January 18, 2024

(++++) ALL UNHALLOWS’ EVE

Bad Magic: A Skulduggery Pleasant Graphic Novel. By Derek Landy with P.J. Holden, artist; Matt Soffe, colourist; Rob Jones, letterer; Pye Parr, designer. HarperCollins. $17.99.

     Derek Landy’s genre-bending Skulduggery Pleasant novels – fantasy books that mix horror, humor, crime, the supernatural and a few other oddments here and there – are so clearly descriptive of bon mots and mayhem that they are naturals for graphic-novel adaptation. The surprising thing is that it has taken so long for such an adaptation to appear: the series began in 2007. And what shows up in graphic-novel form as Bad Magic is not part of the main Skulduggery Pleasant sequence (actually sequences; there are several) – it is a standalone story (within which Landy, with his usual aplomb, sets up a sequel).

     All this is just fine. The world of Skulduggery Pleasant – who is a nattily dressed reanimated skeleton who, together with his family, was killed by an evil sorcerer in a war 400 years ago – has plenty of room for further growth. It has already blossomed into two extended series of novels, the start of a third, a batch of short stories and novellas, a choose-your-adventure tale, a reference guidebook, and more. Landy has a habit, in the novels that still make up the primary elements of the various series, of starting with books of reasonable length (around 400 pages, sometimes less) and producing longer and longer novels (600+ pages) as matters progress. So having a work as compressed as a self-contained graphic novel is something of a pleasure.

     Bad Magic provides no backstory on Skulduggery and his partner, Valkyrie Cain (who has been just as crucial to the sequence since she originally appeared in the first book as Stephanie Edgley, before discovering her own supernatural powers). Instead of trying to lay any sort of foundation, the graphic novel plunges immediately into the mystery of the town of Termoncara, “the murder capital of Ireland” (as one minor character blithely puts it). For her part, Valkyrie neatly encapsulates what she and Skulduggery are doing there: “We’re sent in to figure out who needs punching and then punch them.” And there is plenty of punching in Bad Magic, along with lots of the trademark dialogue that leavens the violence – as when Valkyrie, in the midst of a huge battle and appearing nearly explosive in her anger, loudly demands, “WHO INTERRUPTED OUR BANTER?” (This is right after someone takes Skulduggery’s hat – a major no-no.)
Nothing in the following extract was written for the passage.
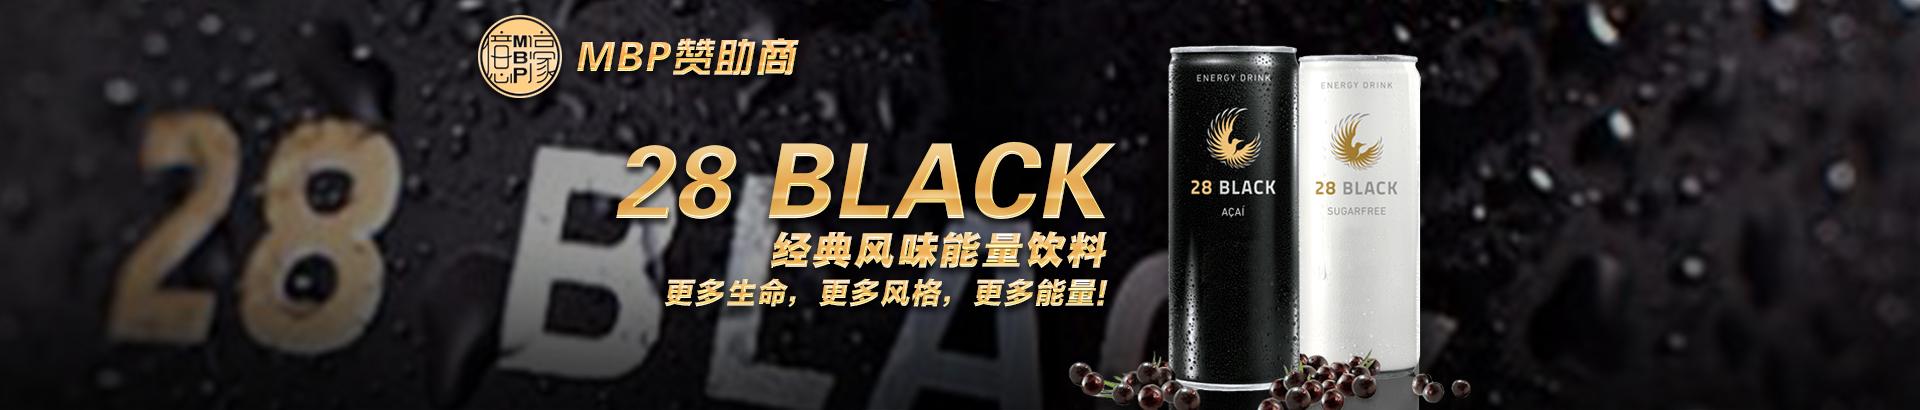 28 BLACK经典风味能量饮料正式成为MBP赞助商

     The visualizations of the characters are well-done, if somewhat exaggerated. Skulduggery’s appearance is excellent, not only as a skeleton but also when he puts on human faces whose exact appearance he is never quite able to see. But Valkyrie is somewhat too chiseled-looking: a panel in which she is in an exercise pose on the floor, supported only by her toes and one finger of one hand, makes her look borderline grotesque. The renderings of the Termoncara residents are quite fine, if formulaic; and the appearances of the many and varied mostly-invisible-to-the-residents monstrosities that abound in the town are finer still – clearly Landy and his artistic supporters lavished more care on them than on the mere humans.
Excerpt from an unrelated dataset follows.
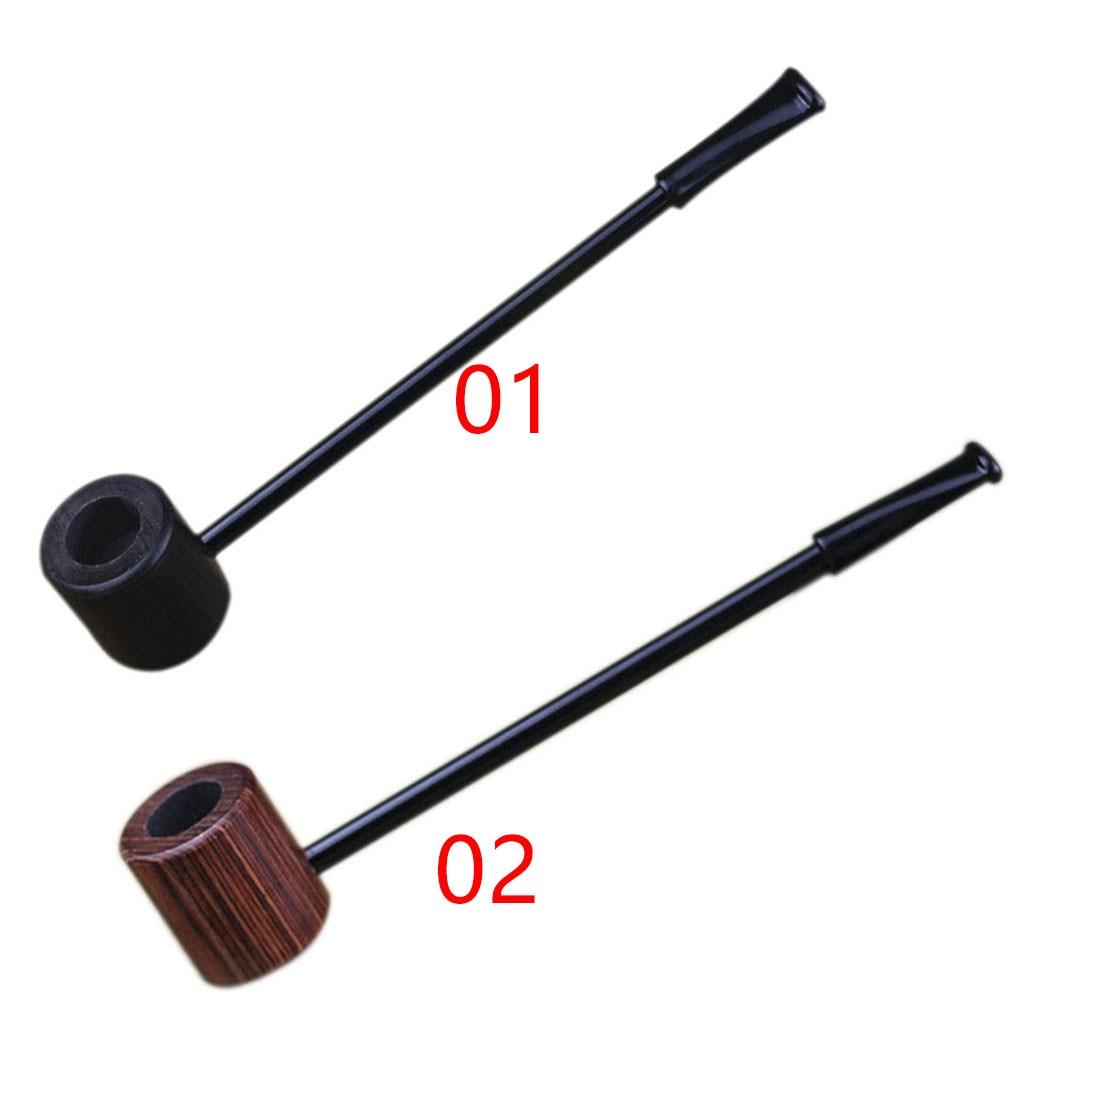 Grade Ebony Wood Pipe Smoking Pipes Popeye Portable Creative Smoking Pipe Herb Tobacco Pipes Gifts Weed Grinder Smoke

     The plot of Bad Magic is fairly thin and not the main point: there have been 20 years of murders of various “undesirables” in Termoncara, the reason being that a super-baddie that goes by “Mr. Friendly” is getting the town ready to be massacred because “as soon as I kill enough teenagers, I’ll be free to wander the world, just like he wants me to.” That makes no sense, but it is the setup for a followup, as in “who is this ‘he’?” In any case, Skulduggery and Valkyrie eventually mop up the mess at Termoncara, create a suitably unbelievable cover story that of course will be believed by outsiders because the truth would be far less credible, and prepare to move on to the next town in need of saving. What will stay with readers is none of that – what matters here are the numerous action scenes, the chance actually to see Skulduggery and Valkyrie using their physical and supernatural powers on grotesqueries of all sorts, and the ongoing sallies and ripostes in which the two protagonists constantly indulge. “Violence is not always the answer, Valkyrie,” comments Skulduggery at one point; to which Valkyrie replies, “What? Since when?” That is what Bad Magic is all about. And it’s not bad at all.